Let $\mathbb{\Gamma} = \mathrm{SL_2}(\mathbb{Z})$ be the modular group, $\mathcal{F} = \{z \in \mathbb{C} ;\; \lvert z \rvert \geq 1,\; \lvert \Re (z) \rvert \leq 1/2\}$ its fundamental domain.
I (probably) don't understand the following argument made by Toshitsune Miyake in "Modular Forms", in the proof of Theorem 4.1.3, page 98.
Since $\mathbb{\Gamma}$ contains $\tau = \left[\begin{smallmatrix}1 & 1 \\ 0 & 1\end{smallmatrix}\right]$, and $\omega = \left[\begin{smallmatrix}0 & -1 \\ 1 & 0\end{smallmatrix}\right]$, the boundary points of $\mathcal{F}$, other than $i$, [$\zeta_6 = e^{2\pi i/6}$, $\zeta_6^2$], are [...] ordinary points.
This is what I thought: Let $p$ be an elliptic point on the boundary of $\mathcal{F}$, stabilized by $\gamma \in \mathbb{\Gamma}$. Suppose $p$ isn't $\zeta_6$ nor $\zeta_6^2$. Since $\gamma \mathcal{F} \cap \mathcal{F} \neq \emptyset$, $\gamma$ must now be either $\tau$, $\tau^{-1}$ or $\omega$, but it can't be $\tau$ nor its inverse, for it has to be elliptic. So the only other possible elliptic points have to be stabilized by $\omega$, which leaves one with $i$.

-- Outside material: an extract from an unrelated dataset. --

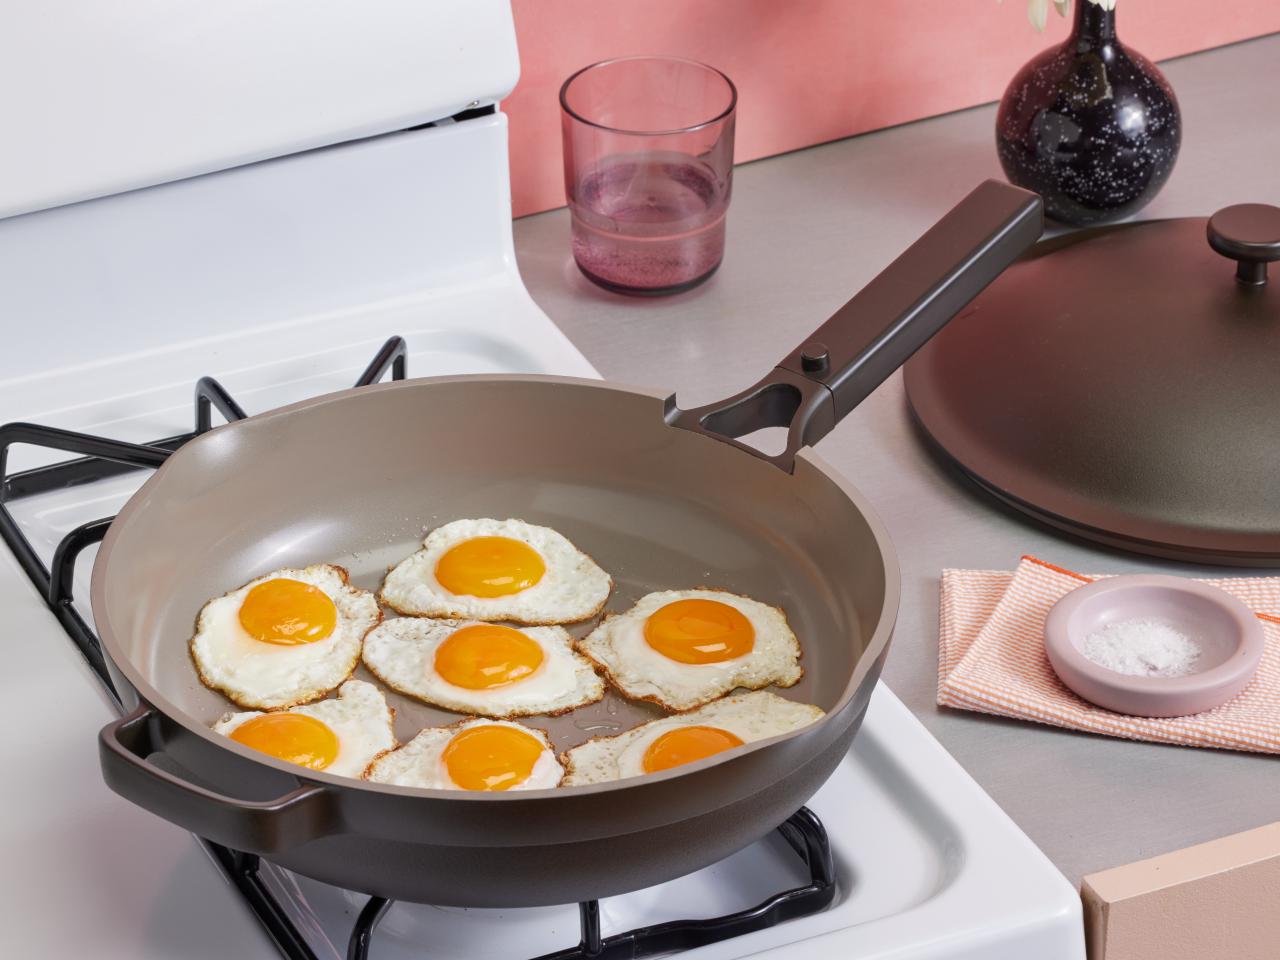 Our Place Always Pan Cookware Review - Consumer Reports

But now I don't know how to prove the step $\gamma \mathcal{F} \cap \mathcal{F} \neq \emptyset\; \Rightarrow\; \gamma = \tau, \tau^{-1}, \omega$, which only is visually clear to me. I feel that the original, intended argument is easier than this and I'm being blind.